Wednesday, December 06, 2006

Notes on John Cage

"What I'm proposing to myself and to other people, is what I often call the tourist attitude - that you act as though you've never been there before. So that you're not supposed to know anything about it. If you really get down to brass tacks, we have never been anywhere before."
- John Cage, 1992


A couple of days ago, I was selling books and sitting in the audience of an event at the Yerba Buena Center for the Arts: Kathan was on a panel speaking about John Cage, and afterward there was a concert of his Sonatas and Interludes. As Crown Point and John Cage enthusiasts alike might know, Cage did a series of etchings here at Crown Point Press between 1980 and 1992. His time here was the catalyst for Kathan Brown's book, John Cage Visual Art: To Sober and Quiet the Mind. "The book is in three parts," the press release for this publication reads. "The first is a text written from Brown's own experience. In it, she often uses Cage's words to describe particular works, and she reflects upon how the art can be used in the world. The second is a detailed section that illustrates 'scores' that Cage created for his printers, and explains his use of what he called 'chance operations' in making his work. The third section of the book is pictorial. Cage told Brown that the purpose of art is 'to sober and quiet the mind, so that it is in accord with what happens.'"

GLOBAL VILLAGE 1-36, 1989. Aquatint, roulette and drypoint on smoked paper. 38-1/2 x 26-1/2", on Roma Fabriano Brown paper.
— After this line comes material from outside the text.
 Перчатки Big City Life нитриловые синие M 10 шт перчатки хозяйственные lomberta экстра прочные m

Edition: 15. Printed by Crown Point Press.
I thought, since I was at this event, I'd record some of the notes that I took during hour-long series of Cage's musical musings, performed by the remarkable pianist (and Cage specialist) Julie Steinberg on a prepared piano that had bolts, screws and stones, as well as dry-erasers and other objects attached to its strings. I haven't edited much, just thrown down most of what I wrote, in the hopes you enjoy them. As always, feel free to comment - discussion is the root of invention!
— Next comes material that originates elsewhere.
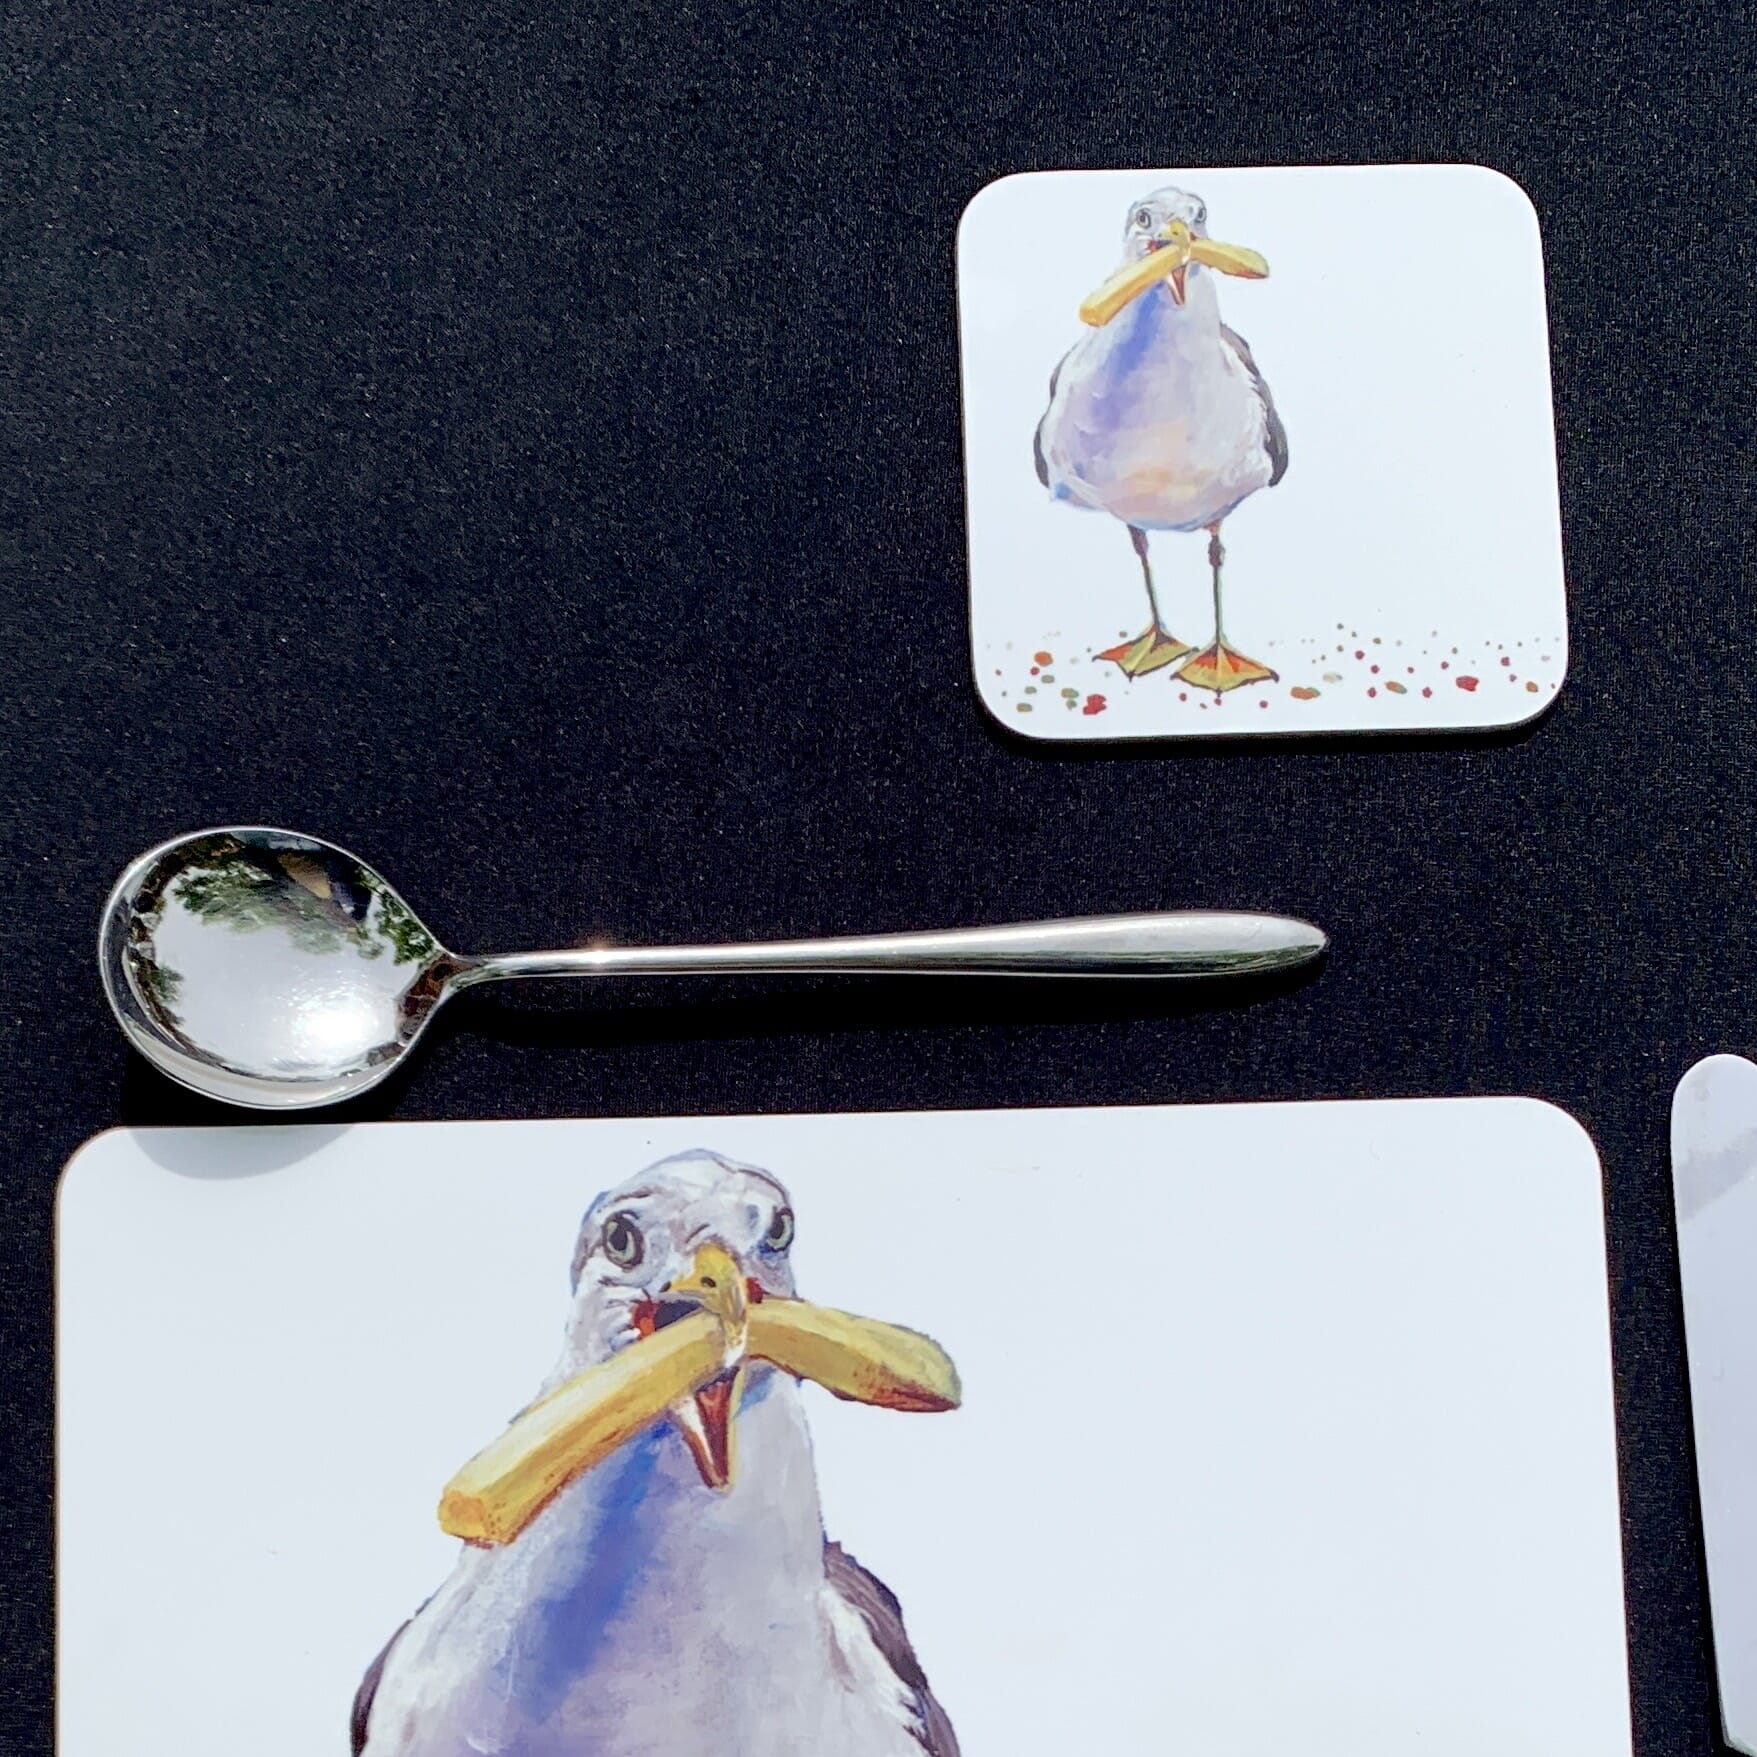 Handmade Seagull Art 9x9cm Coaster - Hard Backed, Glossy Finish

1. Human beings need structure.

2. The challenge to the pianist is to try and find the plot in these plotless segments. Cage's widom (in part) was to divide the plotnessness he came upon through chance operations into segments that are at least small enough to be digestible (at most, pure enough to be intelligible).

3. For the [same] sake of clarity, he often repeats a phrase more than once. This is an improvisation trick I also learned from Steve Mackey, who used to tell his improv students (myself included), "when in doubt, do it again," a musical version of the pep talk pointer and 13th Magical Secret, "Own It." Repetition makes sense, in both senses of 'make.'

4. Once in a while an old, familiar form shows up, too, by accident. An example: the weird, little musical formulation that sounds like the bit in the score for "The Wizard of Oz" that belongs to Glinda floating down in her bubble. But reference is certainly not enough, and repetition is only half the battle - it is Cage's organization of these snippets (and the wells of empathy in Steinberg's performance that lend them plot/emotive structure) that keeps the rapt audience rapt. Cage organizes his musical phrases like stones in a Zen garden: each rock is just a rock, devoid of meaning - it is one's own movement amid them that lends them power.
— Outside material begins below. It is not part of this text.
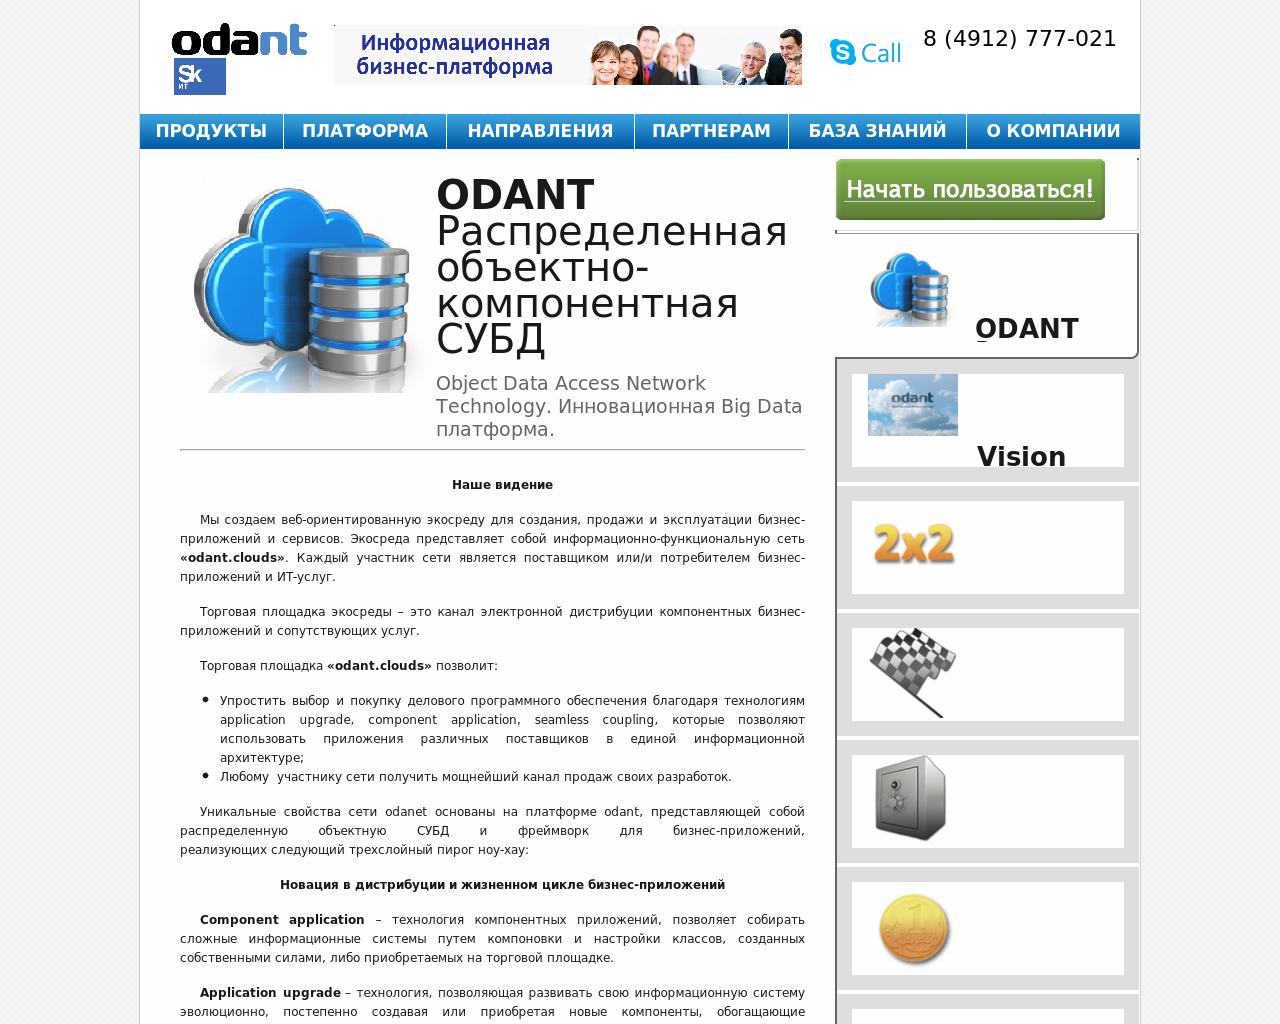 Изображение сайта odant.ru в разрешении 1280x1024

5. It's a question of memory. My own thoughts tend to cycle - a genetic, maybe, or cultural, a sex-linked, nurtured, common, or God-given quirk, who knows. Whatever the reason, while I listen to Cage I find my go-to way of listening is insufficient. Traditional Western music, (take Beethoven for example, or Sufjan Stevens) is constructed for the neurotic. While listening, you can put your mind on temporary auto-pilot, go back to any one element, and be satisfied that it is meant to be a part of the whole: whatever has happened was necessary to bring about whatever is happening now. In Cage's work, though, the music is organized in a totally egalitarian way, that renders this kind of jumping back and forth between memory and immediacy meaningless. I get the unsettling yet somehow deeply comforting feeling that whatever has happened could have been anything else. Although there's no epiphany, like in a great symphony or a really satisfying song, there is something very much like peace.